> **Problem**: Transcribe exactly, and without pictures, only the lines from the one bearing "One Day in CTC 営業編" through the final line of the data below.

> **Dataset content**:
....

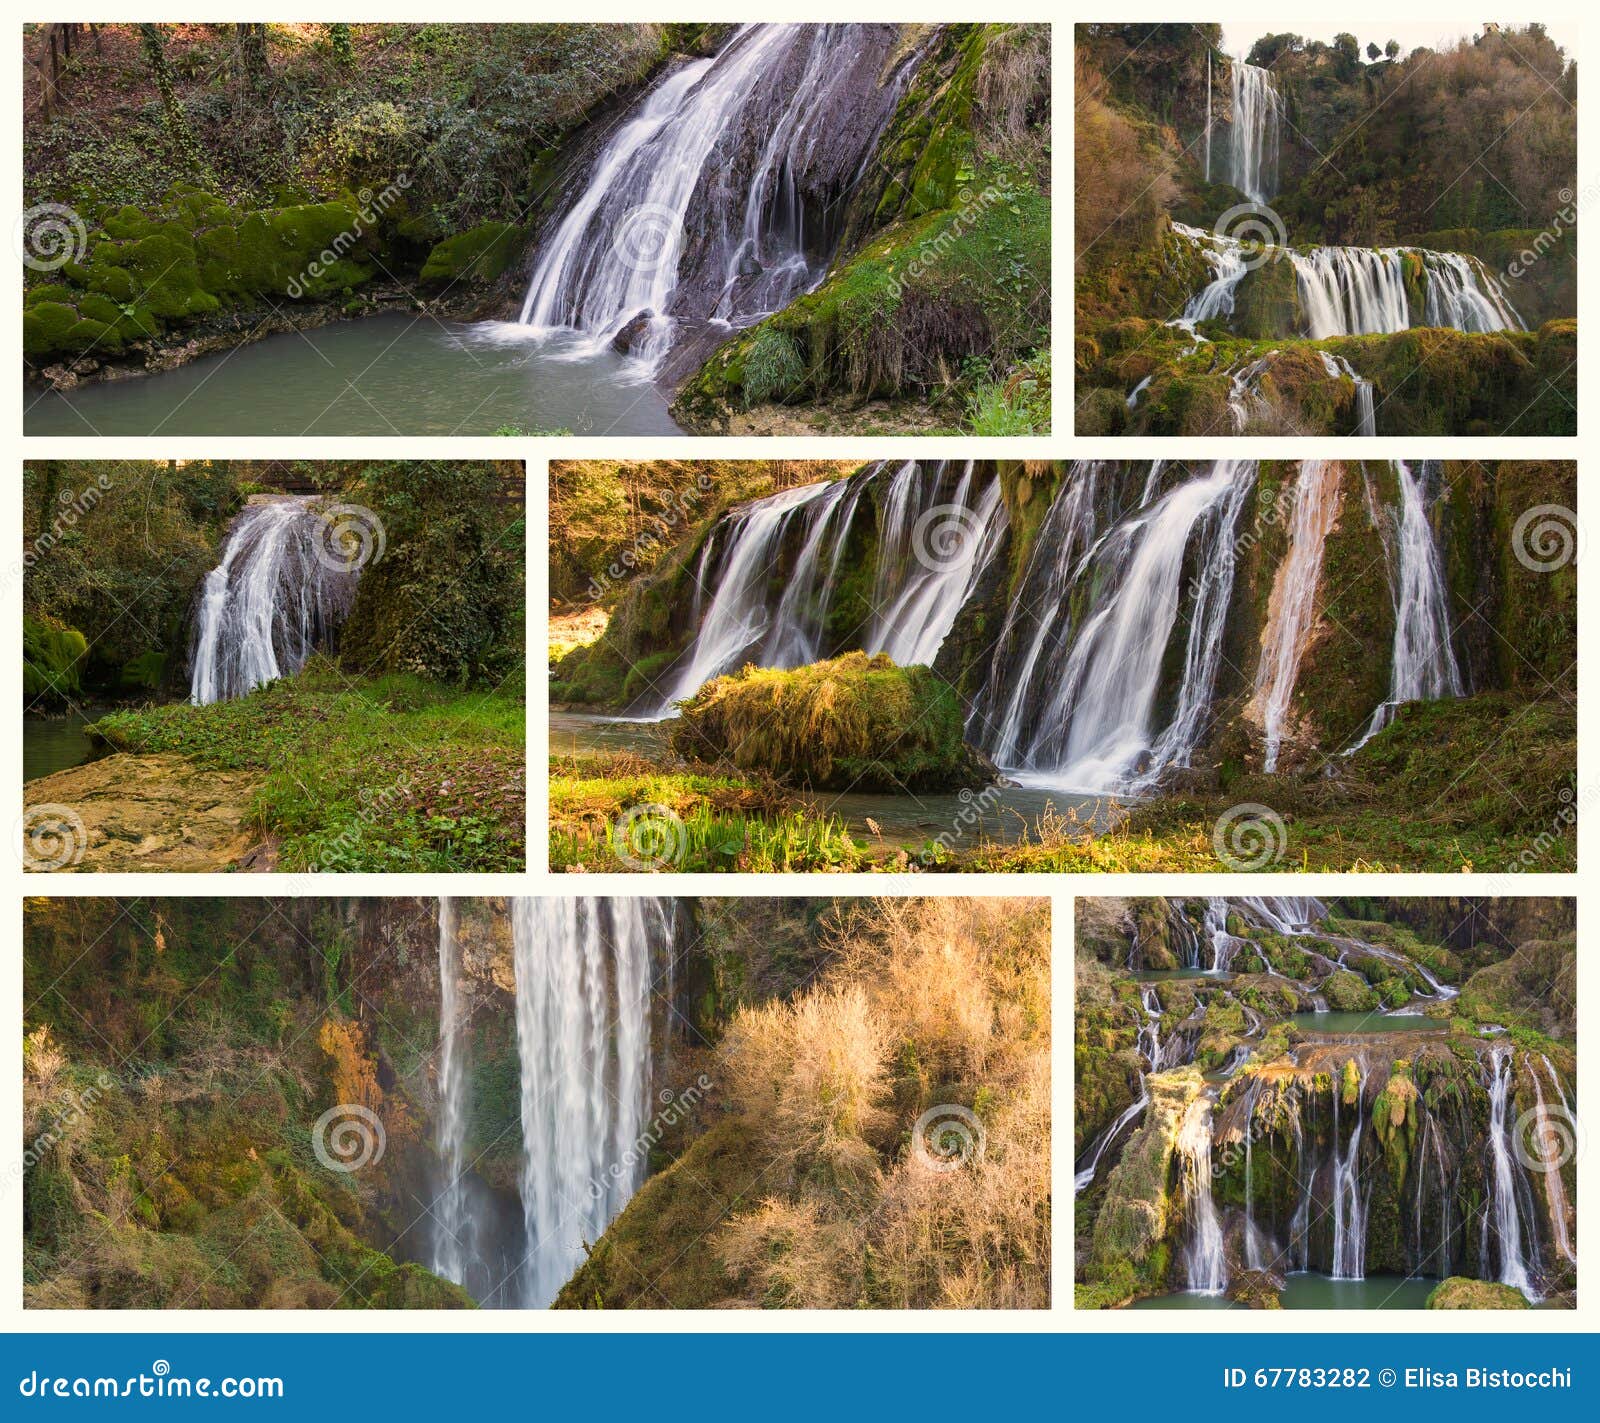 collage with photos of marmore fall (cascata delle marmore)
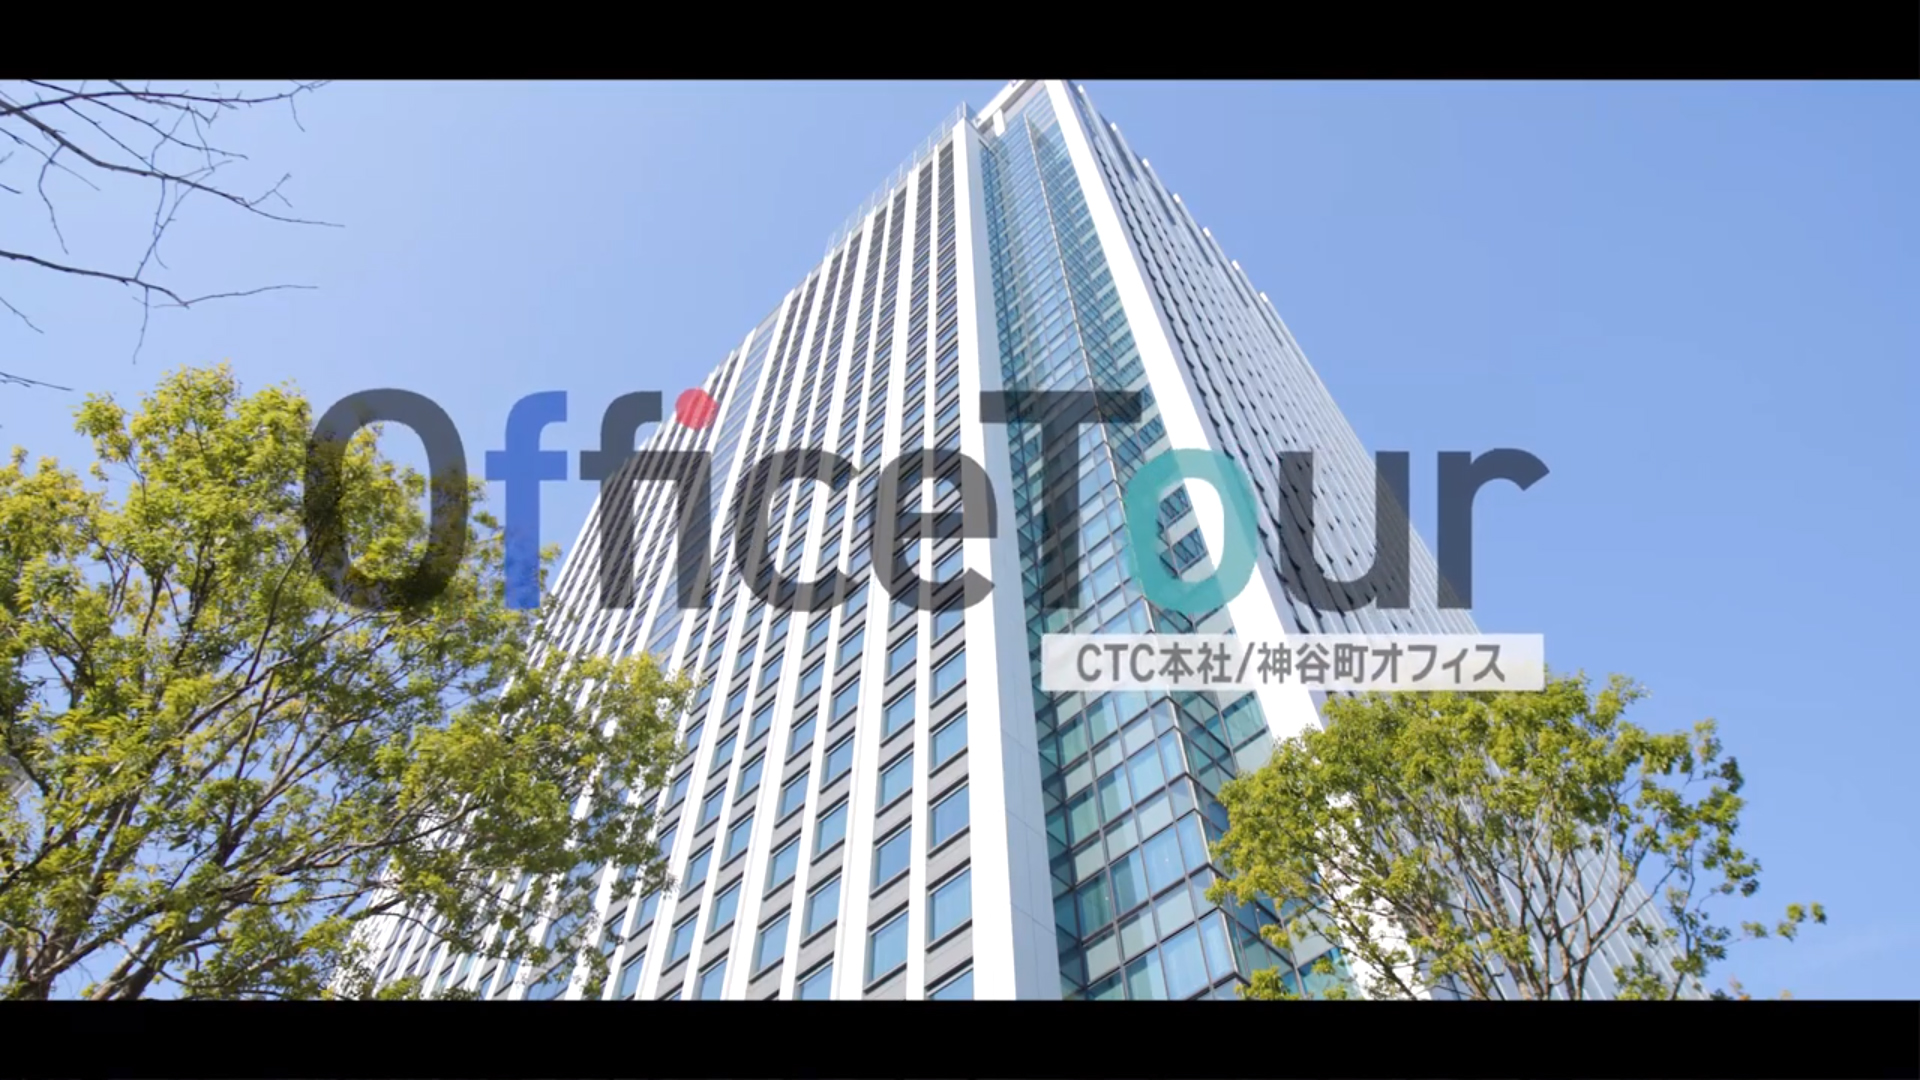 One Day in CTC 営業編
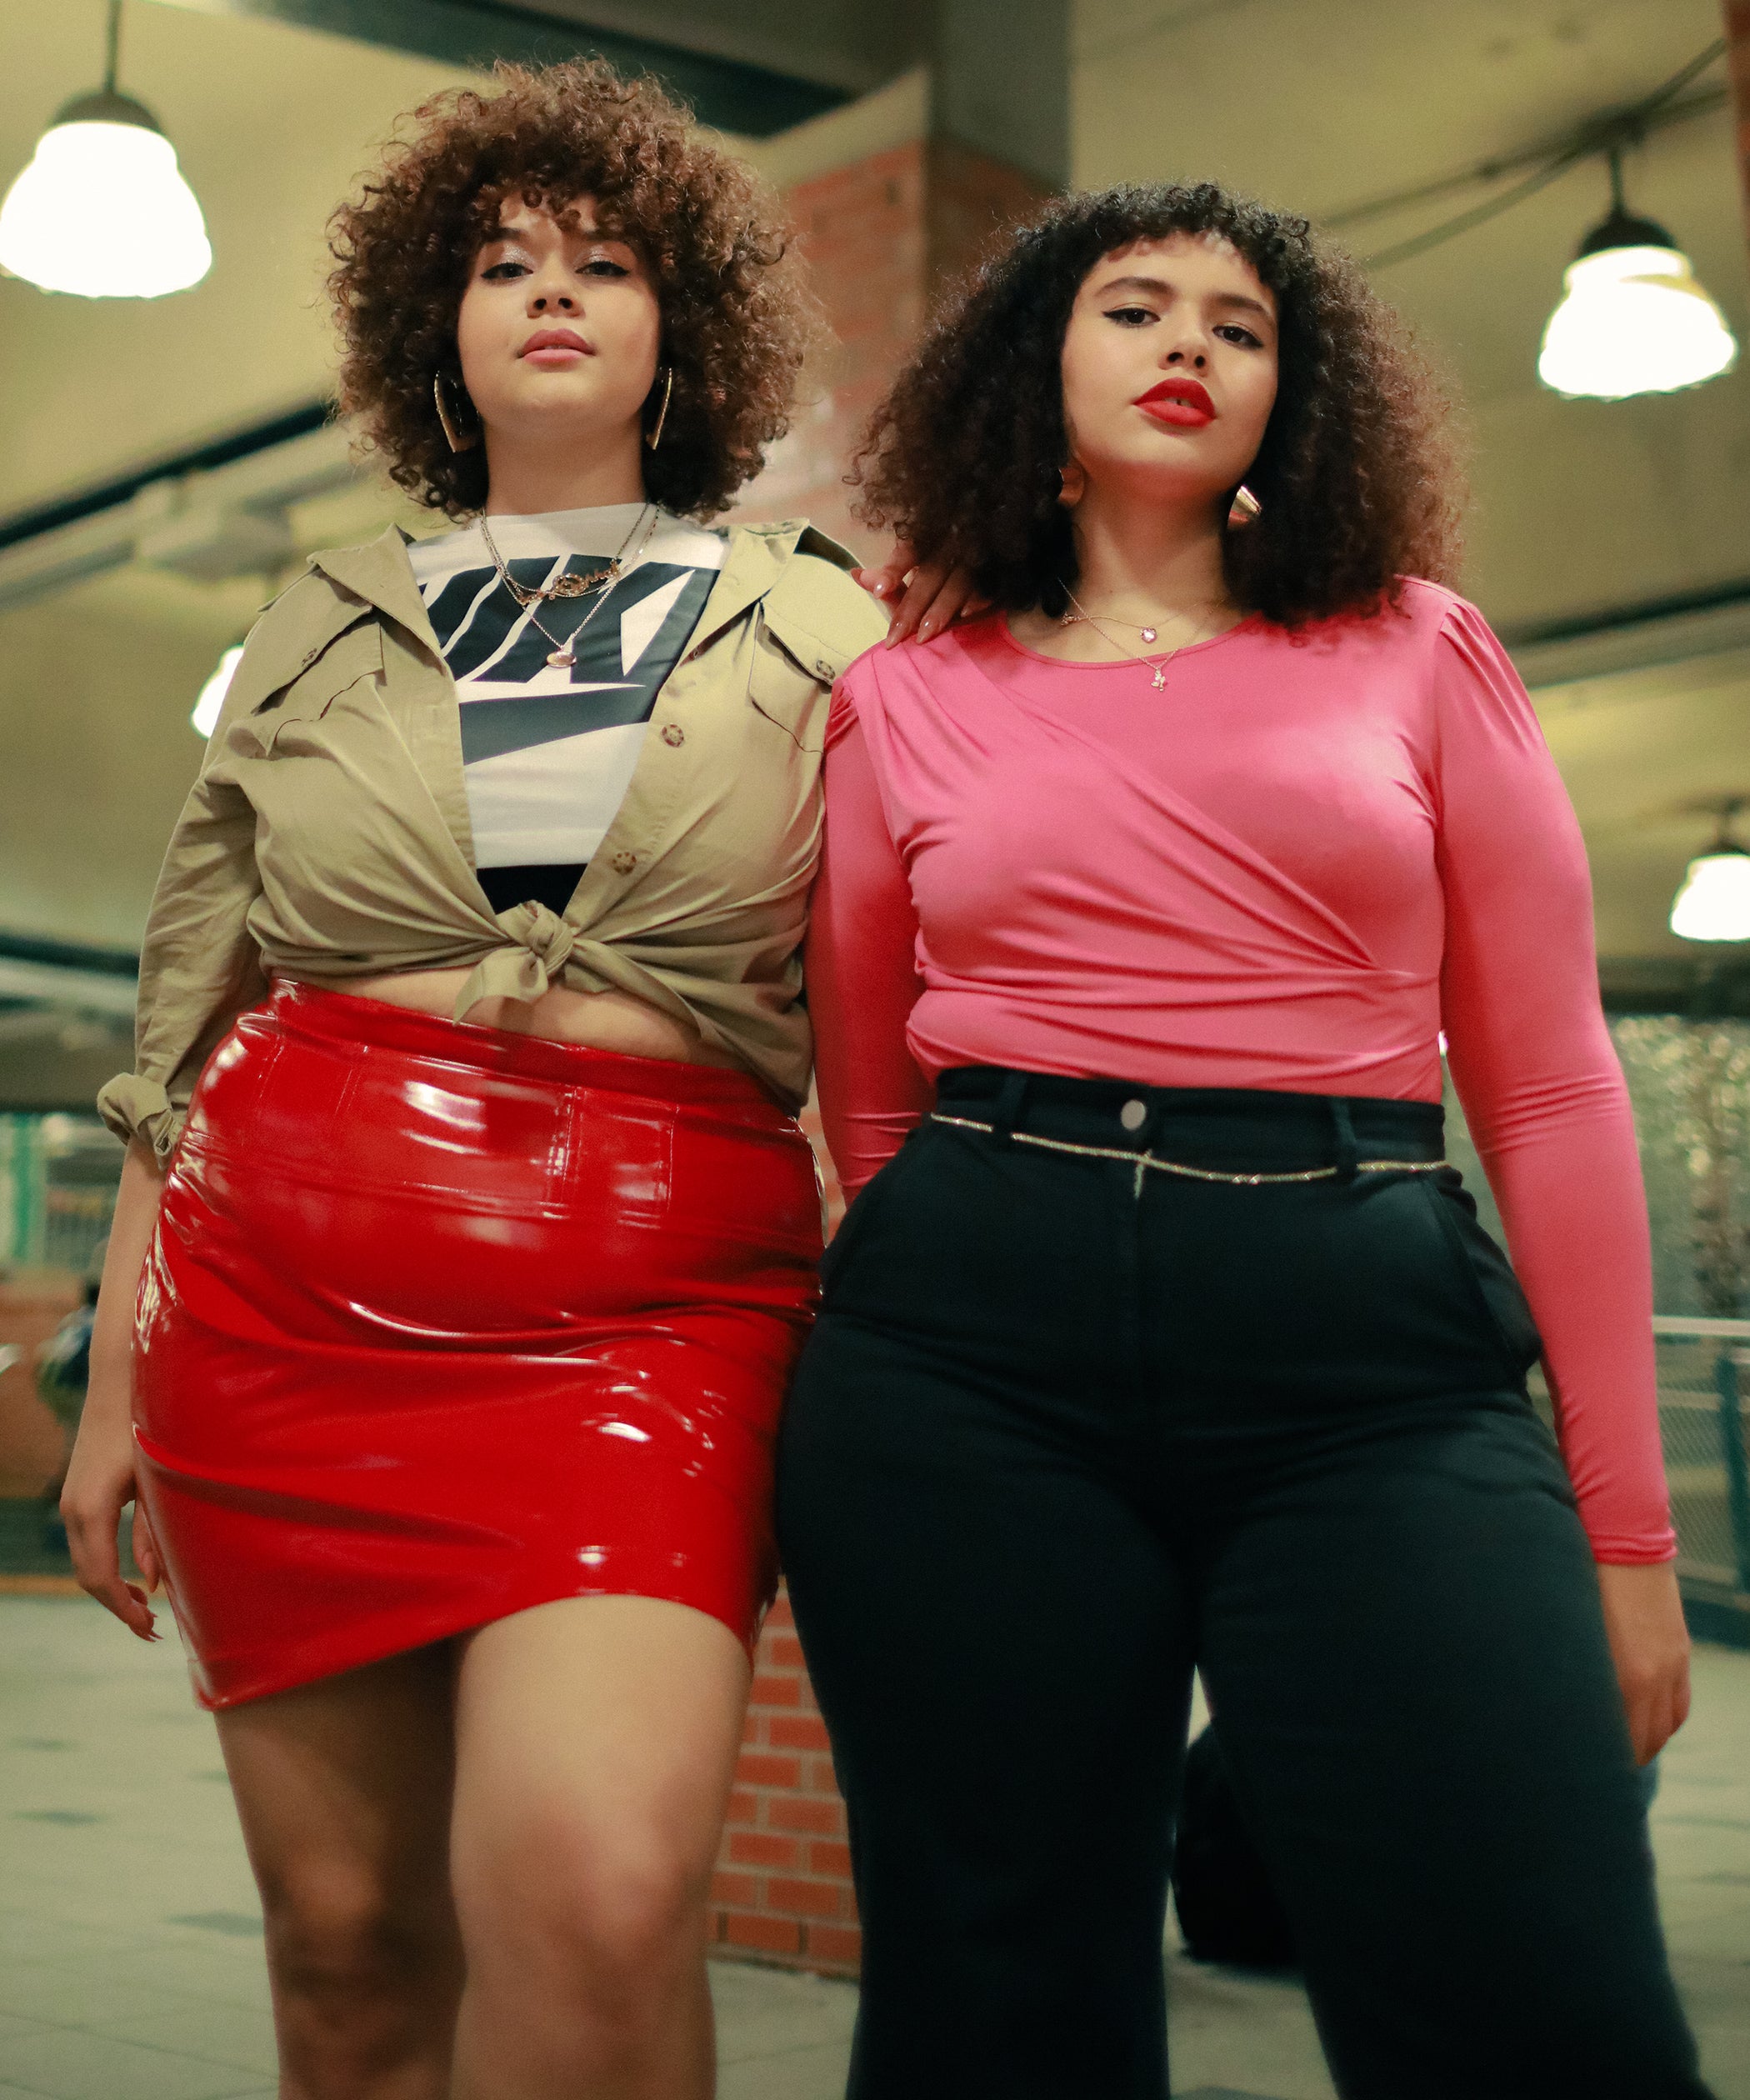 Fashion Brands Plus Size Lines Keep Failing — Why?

....

> **Exercise response**:
 One Day in CTC 営業編
 Fashion Brands Plus Size Lines Keep Failing — Why?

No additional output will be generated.